I slapped him harder on the same cheek.

“There. That’s a little better.”

“How much of your story is bullshit, Bobby? Everything? You say you didn’t do anything to Hal? Did you really find my daughter? Do you really expect me to believe you know her name?”

“You should be worried about your old guy friend.”

“Stop. You don’t have control here. Start talking straight or get used as a heavy bag for me and Paul here to work out some frustration.”

“You’re all talk, Rid. You’ve always been a soft touch. Always let yourself get wrapped up in your emotions life a fucking woman.”

I stepped back. Enough. I turned to Paul.

It was all the invitation he needed. He stepped forward and went to work on Bobby’s kidneys, throwing low hooks, lefts and rights, back and forth. Bobby laughed at the abuse at first. But Paul kept at it until the laughs turned to hollow grunts and eventually drew tears.

Paul backed off.

Bobby swung a moment like a wind chime in a soft breeze. When he stilled, he said, “Wow. That was pretty good.” He tried to make it sound light, but I could hear the pinch in his voice

The cellar grew filled with the smell of sweat and anger. I buzzed like a recluse required to give a speech in front of millions—totally out of my element and certain I’d fail. But I couldn’t fail.

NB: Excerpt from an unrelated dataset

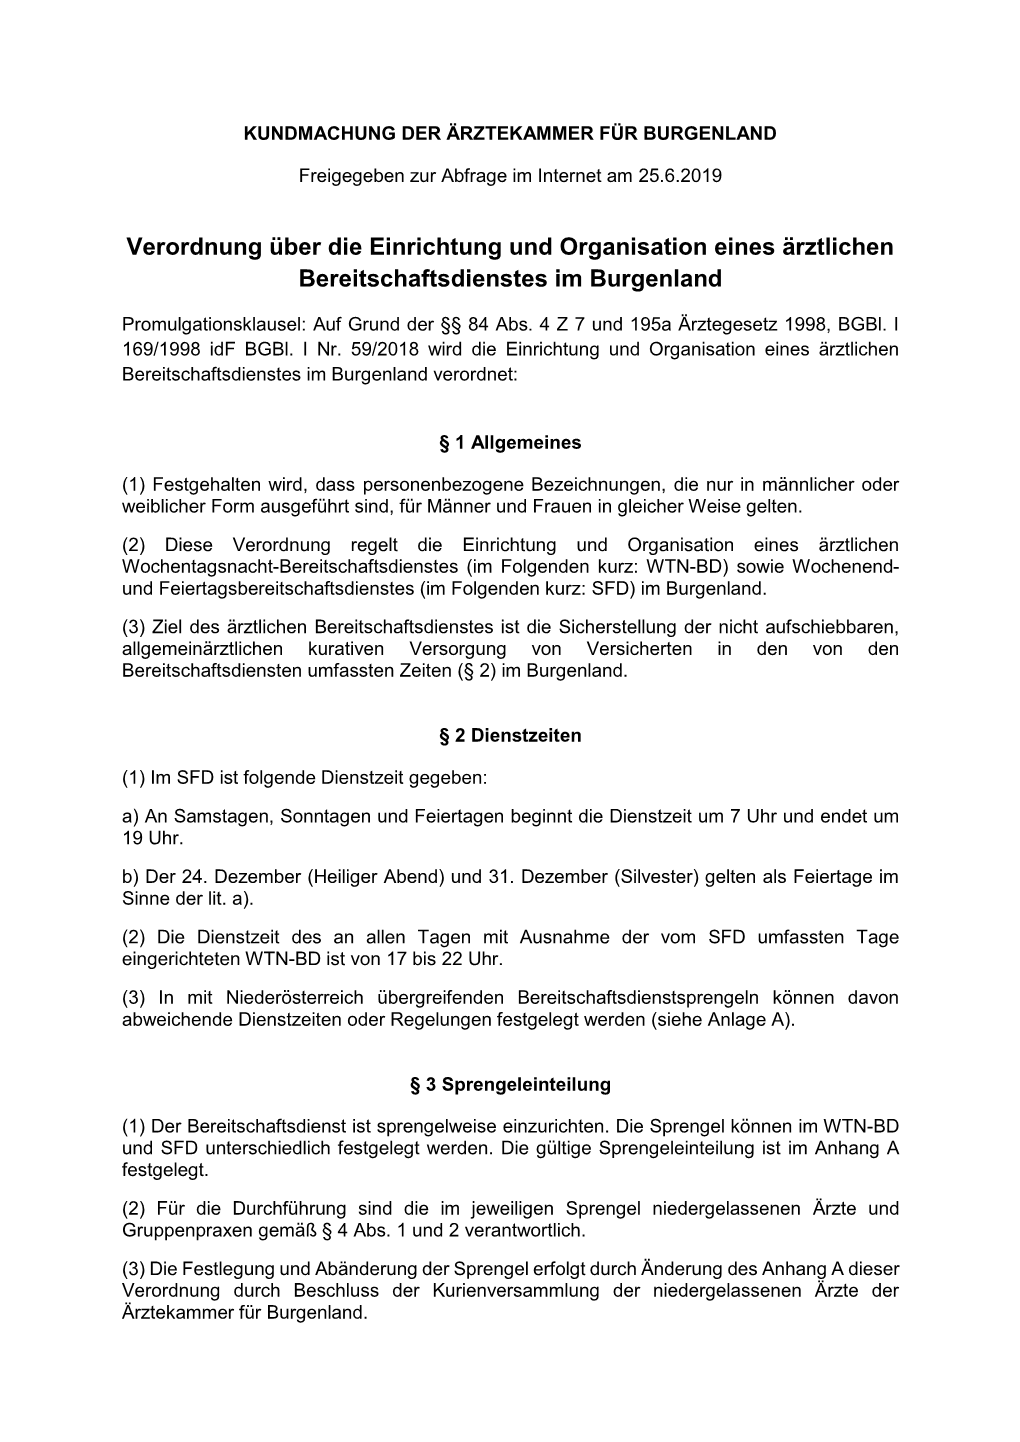 Verordnung Über Die Einrichtung Und Organisation Eines Ärztlichen Bereitschaftsdienstes Im Burgenland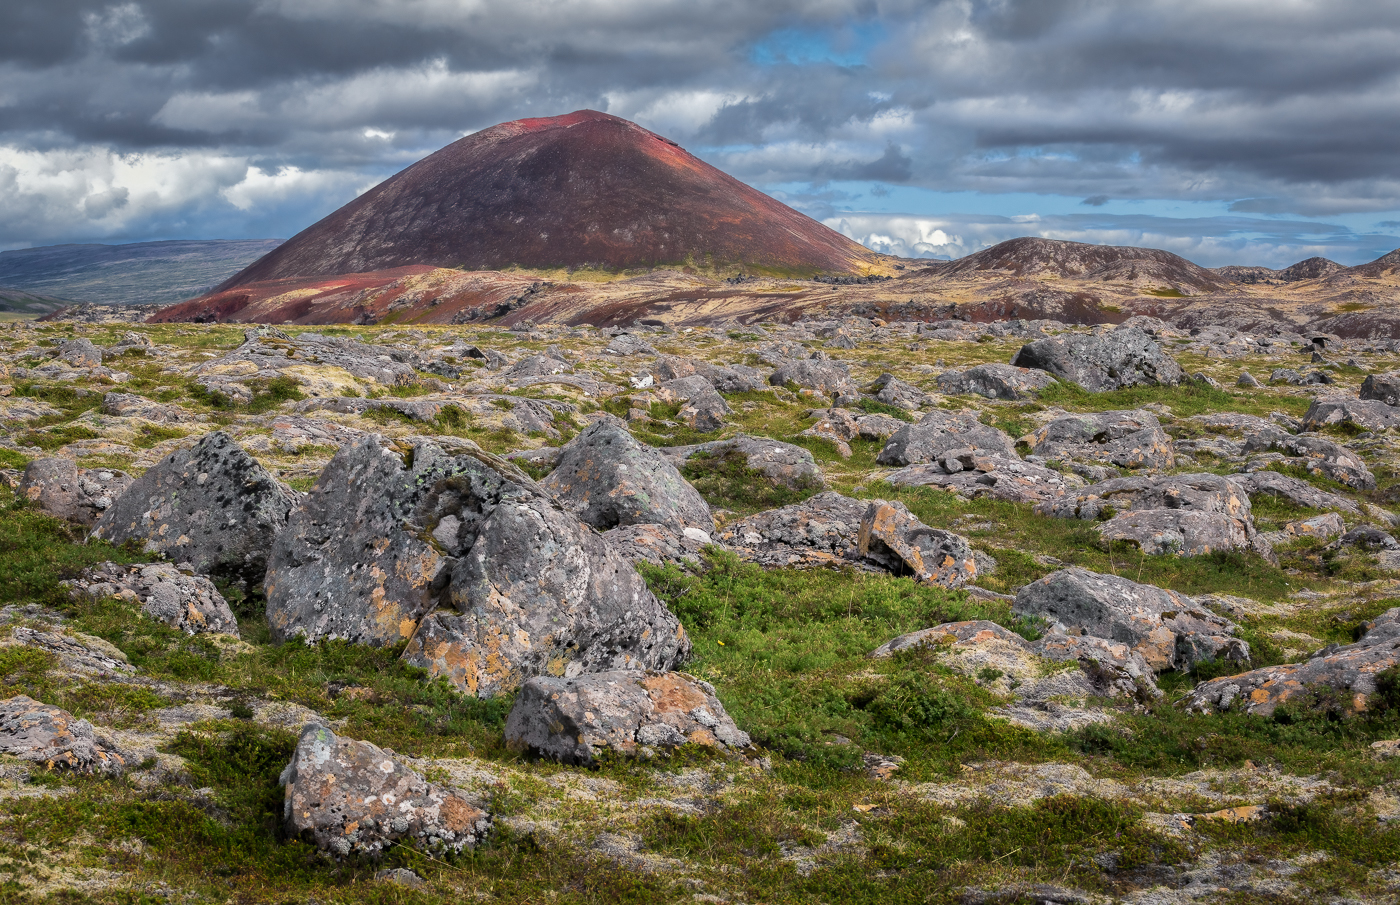 Piccoli crateri rossi si innalzano da antichi campi di lava oggi totalmente trasformati. Variopinte testimonianze di un passato burrascoso. Islanda.

I had to end this, whether he was telling the truth or not. “Start with Hal,” I said.

“He’s in the hospital. Had a heart attack. Jeeze, Rid, this is easy stuff to find out. Did you even bother checking?”

I hadn’t, because Bobby had driven me to conclusions with his hints and taunts—the medallion, the note planted in Hal’s house. Just enough to draw my scent off the true path—a prime example of the proverbial red herring.

“Why should we believe you?” Paul asked.

“Because, King Kong, it’s really easy to check. Call Rosemoor Hospital. He’s out of ICU now, so you should be able to talk to him.”

It drove me bats that he could know all of this, that his investigative skills had trumped mine four times over. It was small comfort to have managed to trap him like we had. He still knew more than I did.

“So you faked the whole thing with Hal,” I said. “Are you faking this stuff about my daughter?”

“Please call her Lisa. ‘My daughter’ this and ‘my daughter’ that is more of a mouthful than any straight man likes to have.”